Even if I bit the bullet that TikTok is only as bad as the worst US social media site, there's still an argument for US citizens preferring to not have it, because US sites are at least forced to be more responsive to US concerns.
Socially negligent and corrosive messages spread for profit are bad. It may be worse to have a peer rival doing the same thing to you for strategic reasons - presumably at moments pivotal to strategic competition.
Fair, I should have expanded on that point some more. The psyop potential isn't ideal, but you might have to pick your poison here. Under the proposed law, the loss in Chinese narrative control would just be replaced by unprecedented expansion of federal power to do the exact same thing. The Twitter Files made it clear that the feds found it in their interest to coerce social media platforms to enforce a narrative via implied threat of regulation. I'd rather not give them the power to ruin any tech company on their shitlist by having an unelected committee declare it to be a foreign asset.
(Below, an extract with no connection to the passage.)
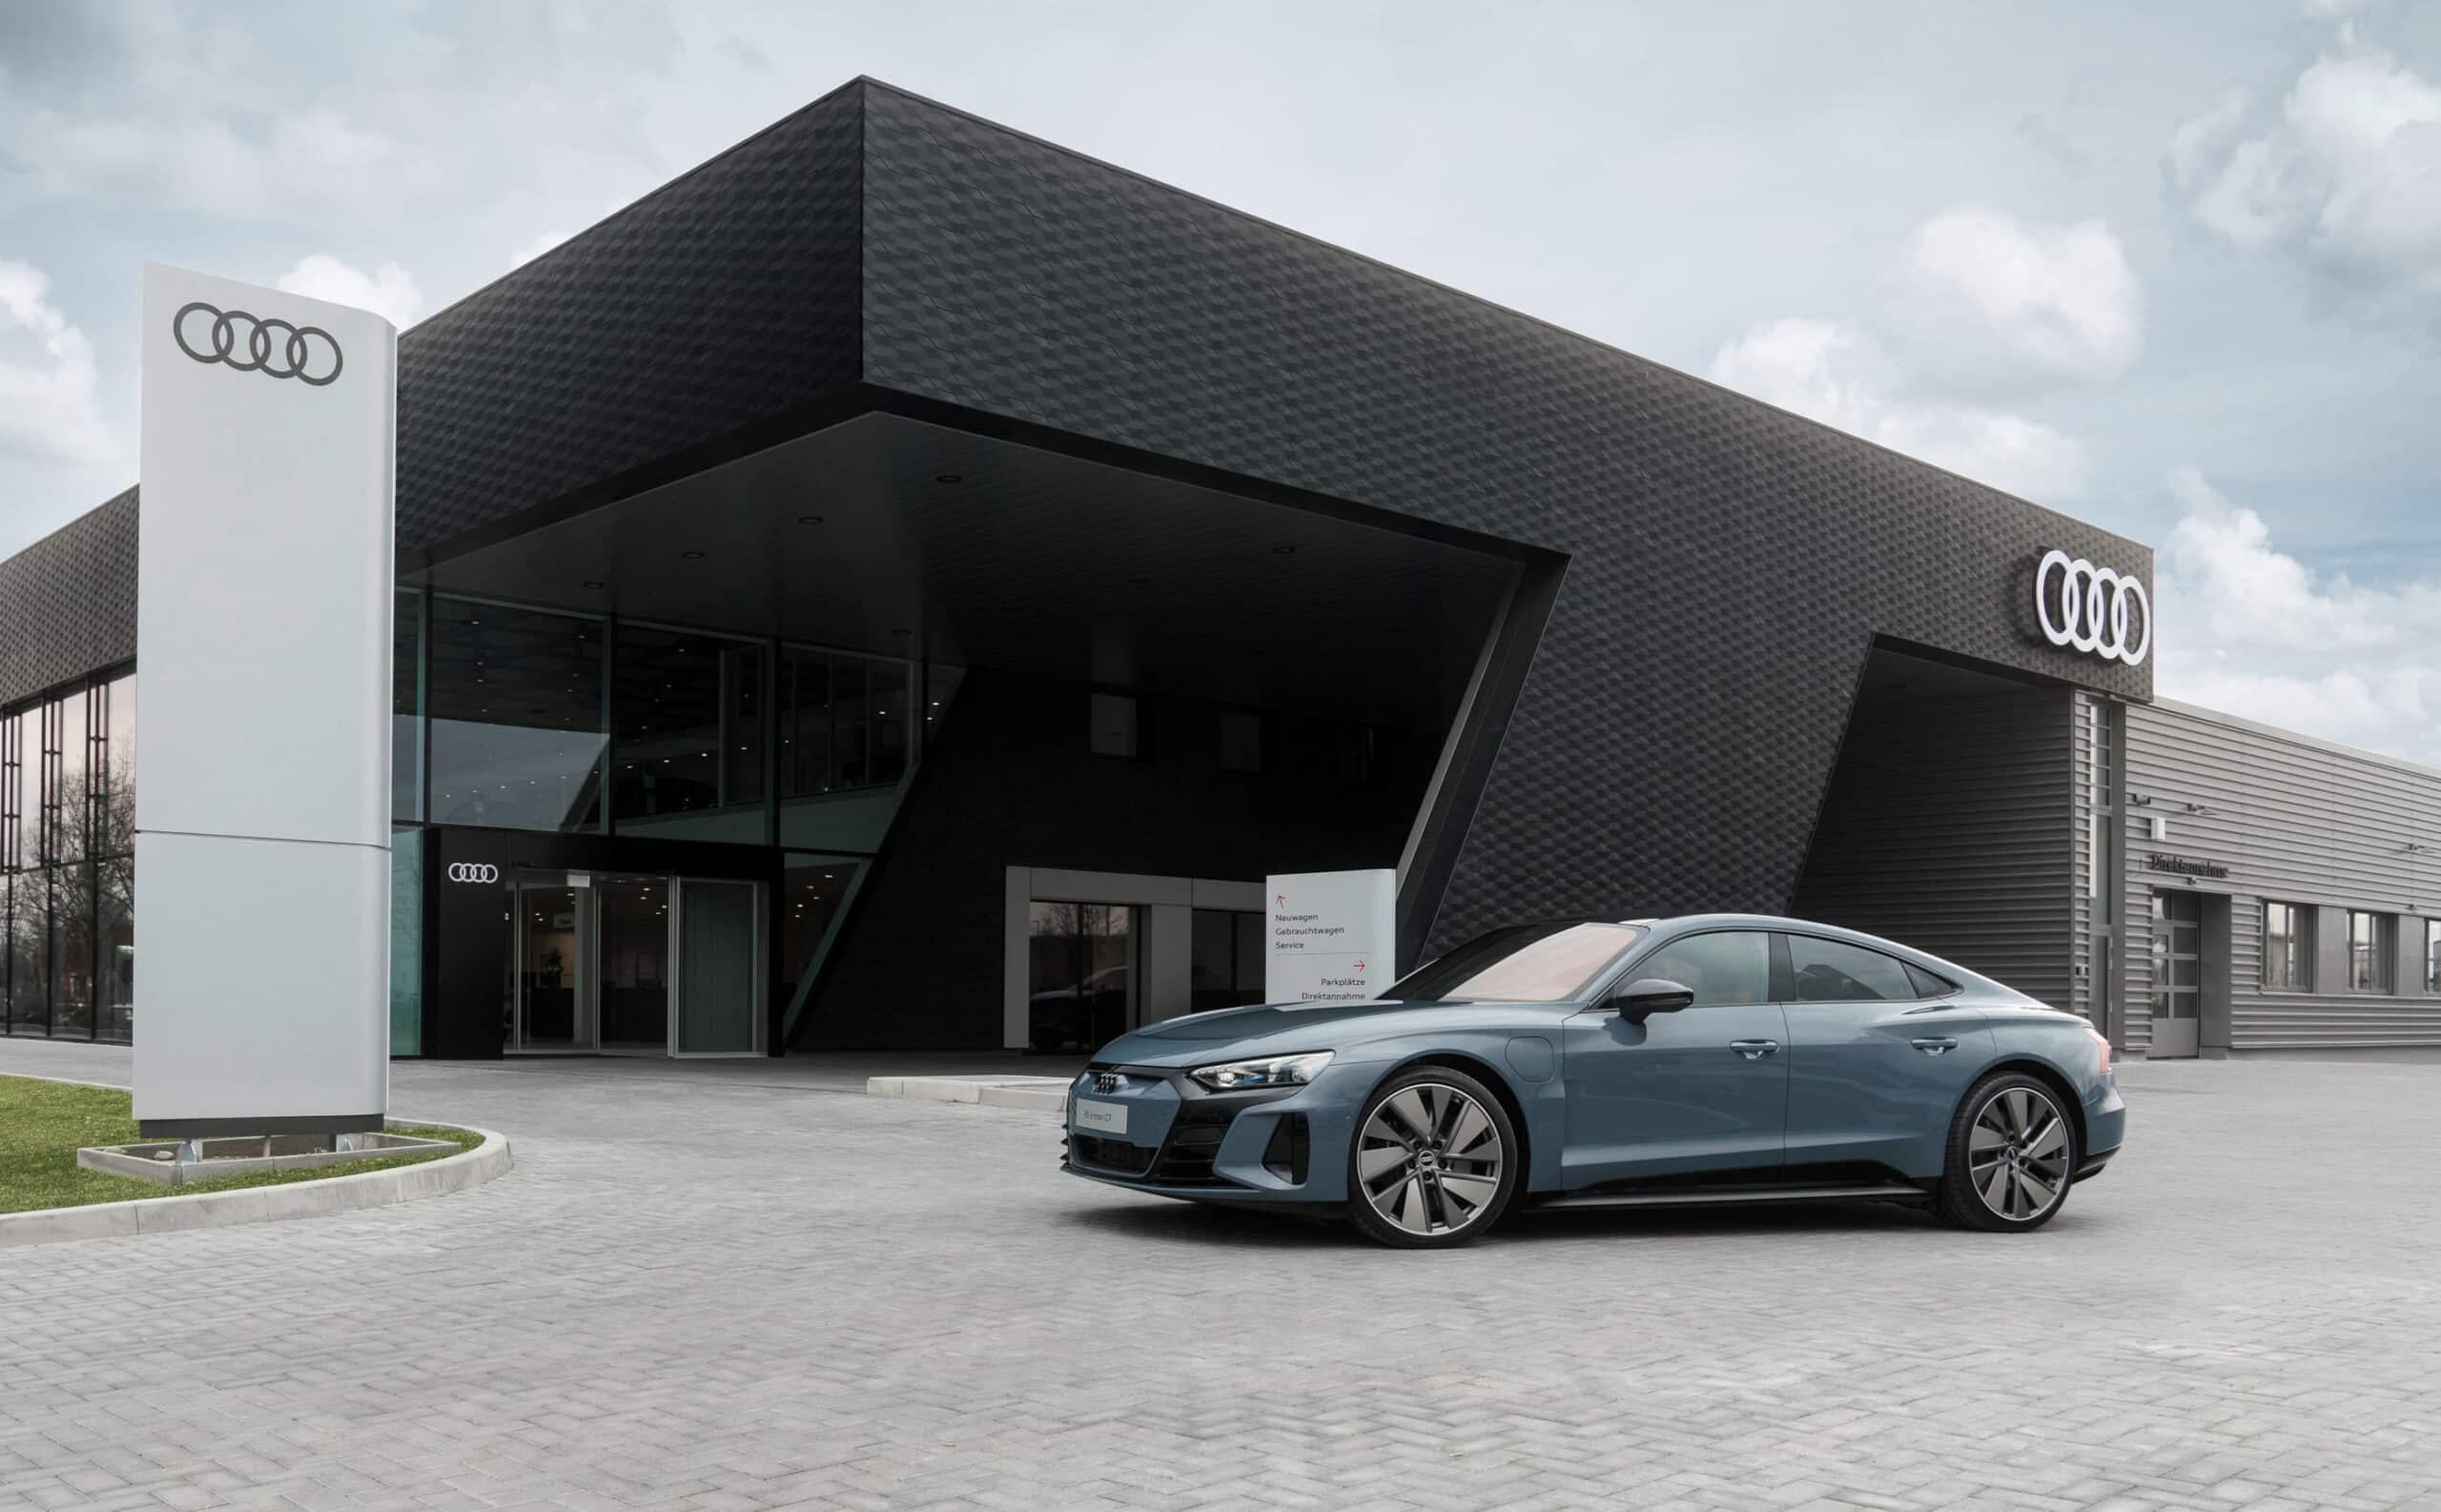 """Medio siglo de la filosofía de Audi: """"Liderazgo por tecnología"""""""

I understand if you disagree on the value judgement here. I'm no CCP fan, but since I don't live there I'm less concerned about them than I am domestic government overreach. If your response is we should still ban TikTok, just not this way — how should we do that without massive increase in government power or curtailing our free speech?
All fair points. My personal take is that all these sites need more guardrails (e.g. Haidt's suggestion of an "internet age" to keep out young kids) but I'm not convinced that any of this will go past TikTok. Most likely outcome is they nuke TikTok and then everyone else continues to do the same thing. If that's what's going to happen then your concerns give me more pause.
I don't recall what specific incidents this is referring to - I guess I have to go back into the Twitter Files kerfuffle.
This is the main thrust of it from Matt Taibbi from his statement to congress this month. I don't know why they released the leaks as tweets; it's impossible to find specific receipts for these statements when they're broken up between 20 threads over several accounts...
By implied threat of regulation I mean the unsaid thing that would be on these companies' minds when they received a communication like this — what will they do to us if we refuse to comply? These requests weren't based off a legitimate court order, just the government saying "We'd really like it if you stopped this person from saying things we don't like." Right now they're doing the most they think they can get away with, ReportMaxxing and informal requests, so if given increased jurisdiction over content we have good reason to suspect what they'd immediately start doing with it.
Wasn't it part of the agreement that got them access to the internal data in the first place? A quid pro quo that benefits the platform. Taibbi does have an index of the threads with executive summaries on his news website/substack.